The following is a quotation of 35 U.S.C. 103 which forms the basis for all obviousness rejections set forth in this Office action:
A patent for a claimed invention may not be obtained, notwithstanding that the claimed invention is not identically disclosed as set forth in section 102, if the differences between the claimed invention and the prior art are such that the claimed invention as a whole would have been obvious before the effective filing date of the claimed invention to a person having ordinary skill in the art to which the claimed invention pertains. Patentability shall not be negated by the manner in which the invention was made.
The factual inquiries for establishing a background for determining obviousness under 35 U.S.C. 103 are summarized as follows:
1. Determining the scope and contents of the prior art.
2. Ascertaining the differences between the prior art and the claims at issue.
3. Resolving the level of ordinary skill in the pertinent art.
4. Considering objective evidence present in the application indicating obviousness or nonobviousness.
Claim(s) 1-3, 8-9, 12 are rejected under 35 U.S.C. 103 as being unpatentable over Hibbah O. Awwad et al., hereinafter Awwad (Hibbah O. Awwad et al., Post-blast treatment with Nociceptin/Orphanin FQ peptide (NOP) receptor antagonist reduces brain injury-induced hypoxia and signaling proteins in vestibulomotor-related brain regions, Behavioural Brain Research 340 (2018) 183–194) in view of Norikazu Kiguchi at al., hereinafter Kiguchi (Norikazu Kiguchi at al., BU10038 as a safe opioid analgesic with fewer side effects after systemic and intrathecal administration in primates, British Journal of Anaesthesia, 122 (6): e146-e156 (2019)).

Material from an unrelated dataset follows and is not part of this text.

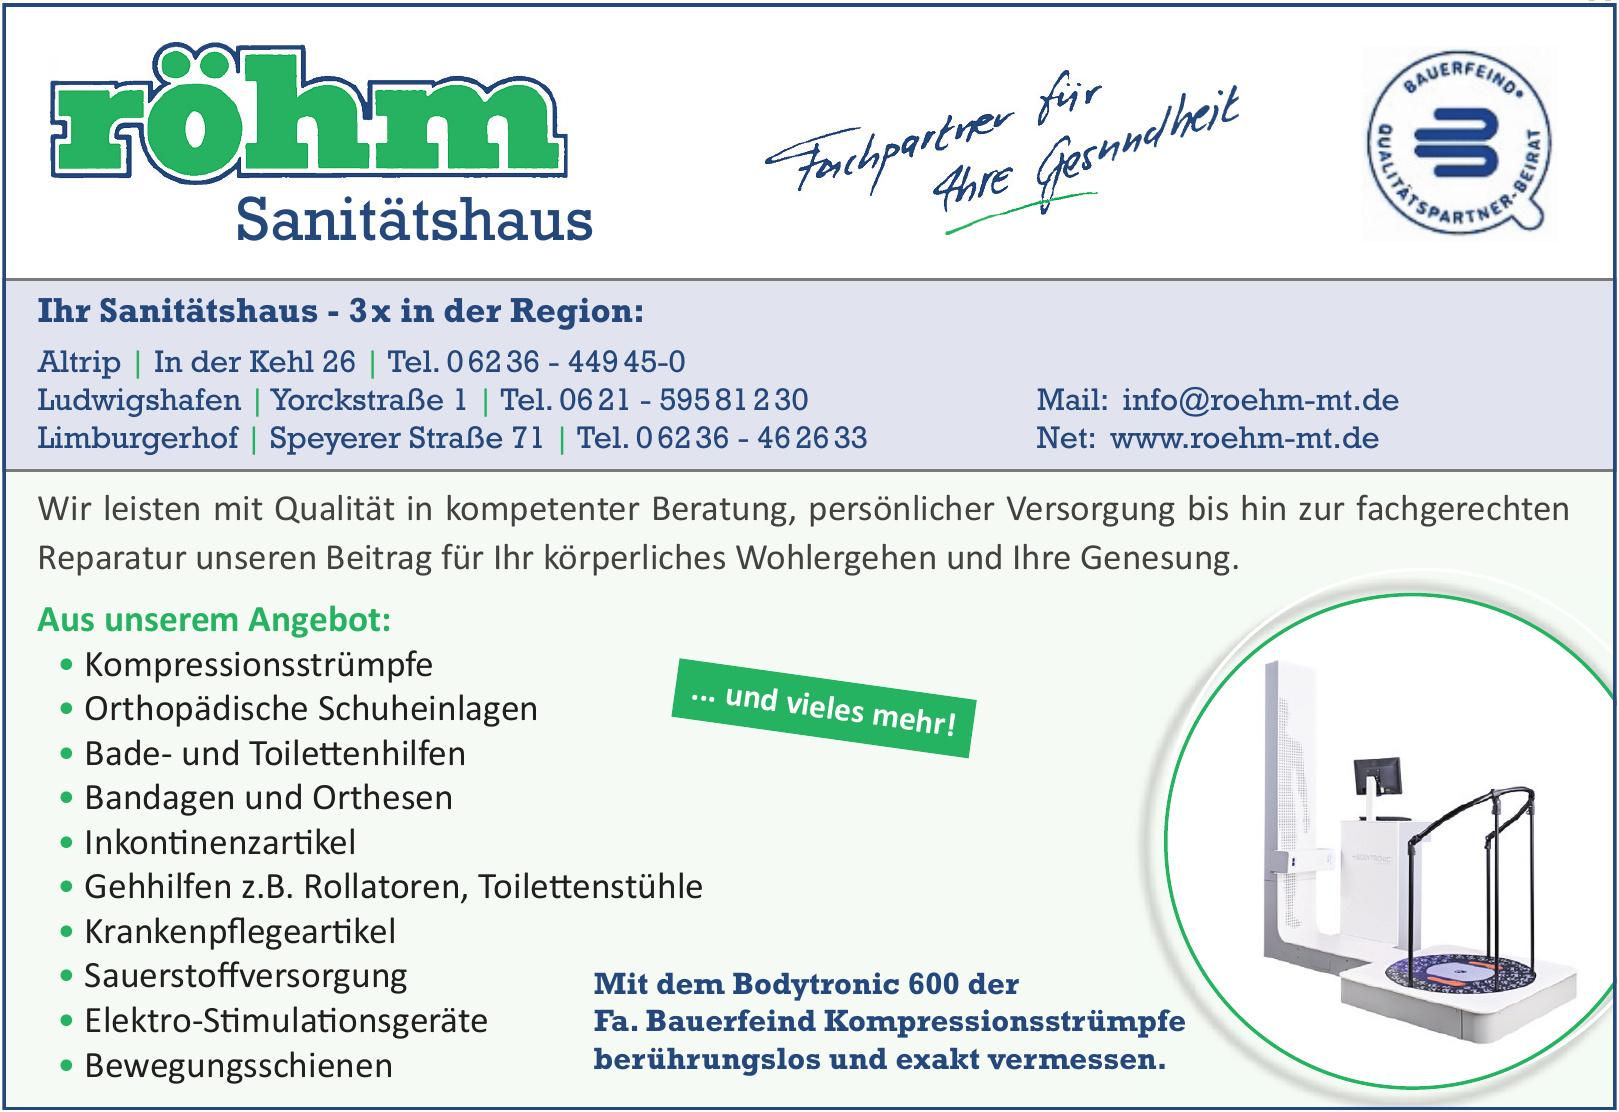 Sanitätshaus Röhm

Regarding claim 2, Examiner interprets “group consisting of..thereof” as a Markush group presenting a set of alternatives.
The teachings of Awwad have been set forth above. Notably, Awwad teaches that TBI-induced up-regulation of N/OFQ contributes to impaired cerebral reactivity and increased neuronal excitotoxicity (See introduction, 3rd paragraph). Awwad teaches that the N/OFQ-NOP receptor pathway is an excellent target for therapeutic development to reduce blast trauma effects (i.e. TBI) on the CNS (see concluding paragraph; page 11).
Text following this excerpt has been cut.